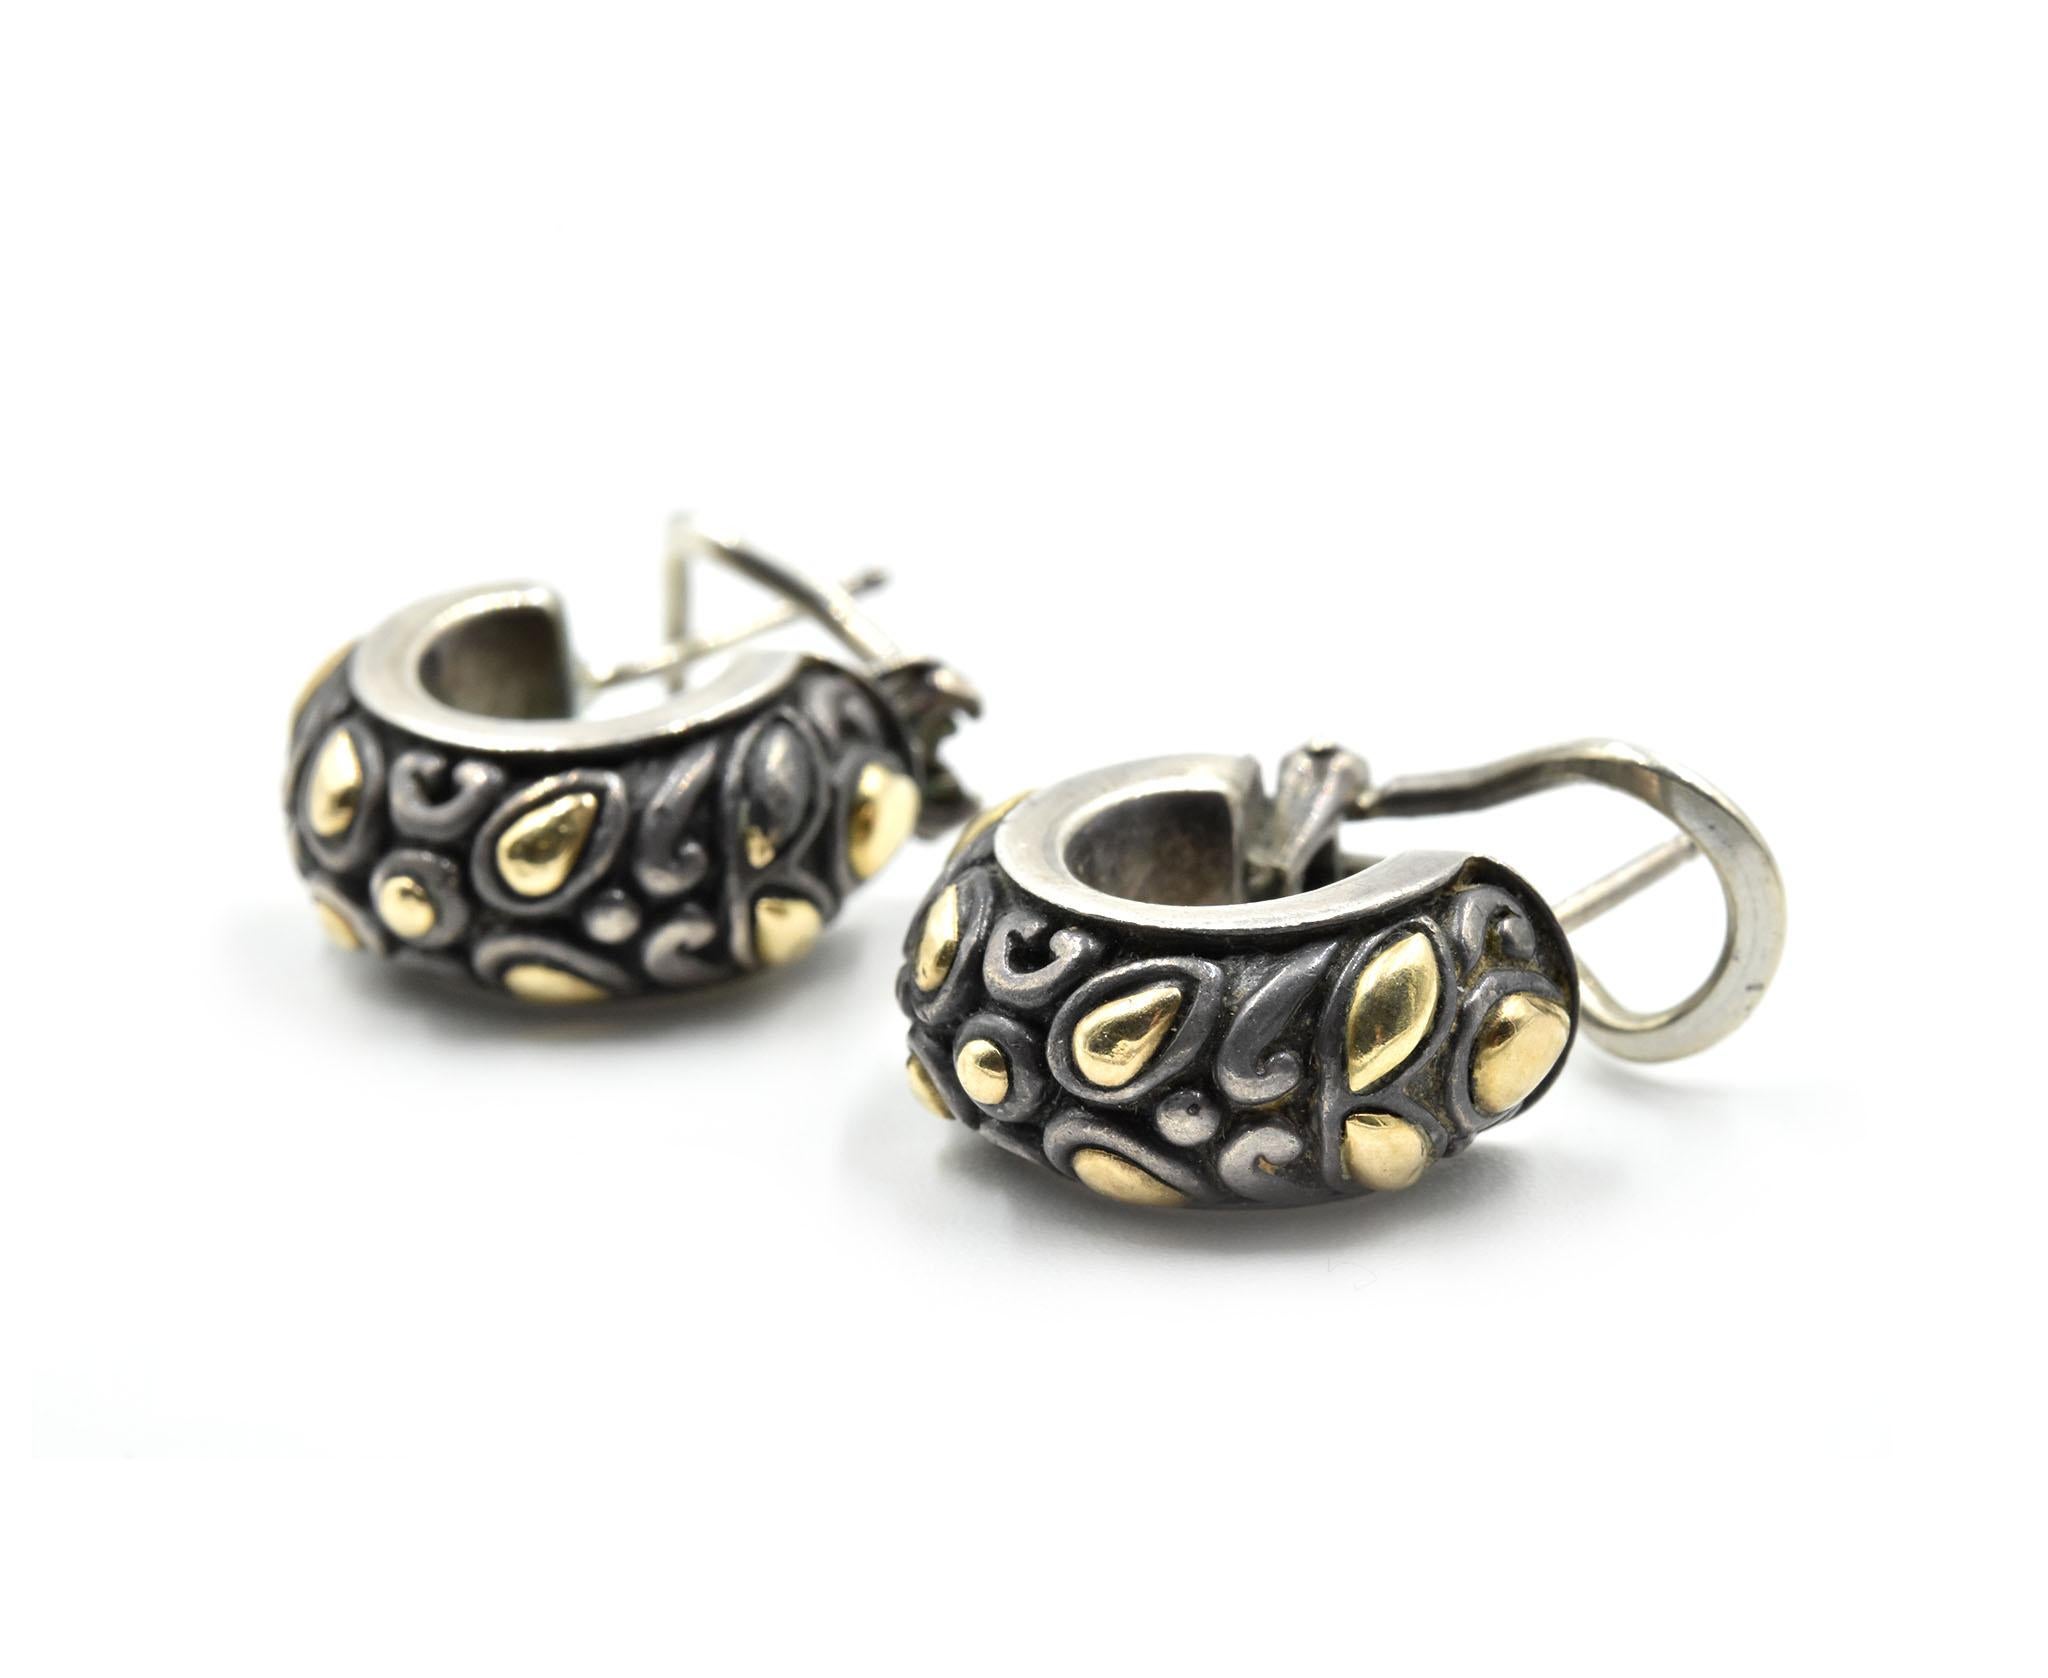 Designer: John Hardy
Collection: Kawung Collection
Material: sterling silver and 18k yellow gold
Fastening: omega backs
Dimensions: each earring measures 3/4-inches long and 1/4-inches wide
Weight: 12.36 grams
Retail: $500

----------------------------------------

Every entry above needs to be copied exactly, apart from its pictures.

→ Solution to this problem:
 Designer: John Hardy
Collection: Kawung Collection
Material: sterling silver and 18k yellow gold
Fastening: omega backs
Dimensions: each earring measures 3/4-inches long and 1/4-inches wide
Weight: 12.36 grams
Retail: $500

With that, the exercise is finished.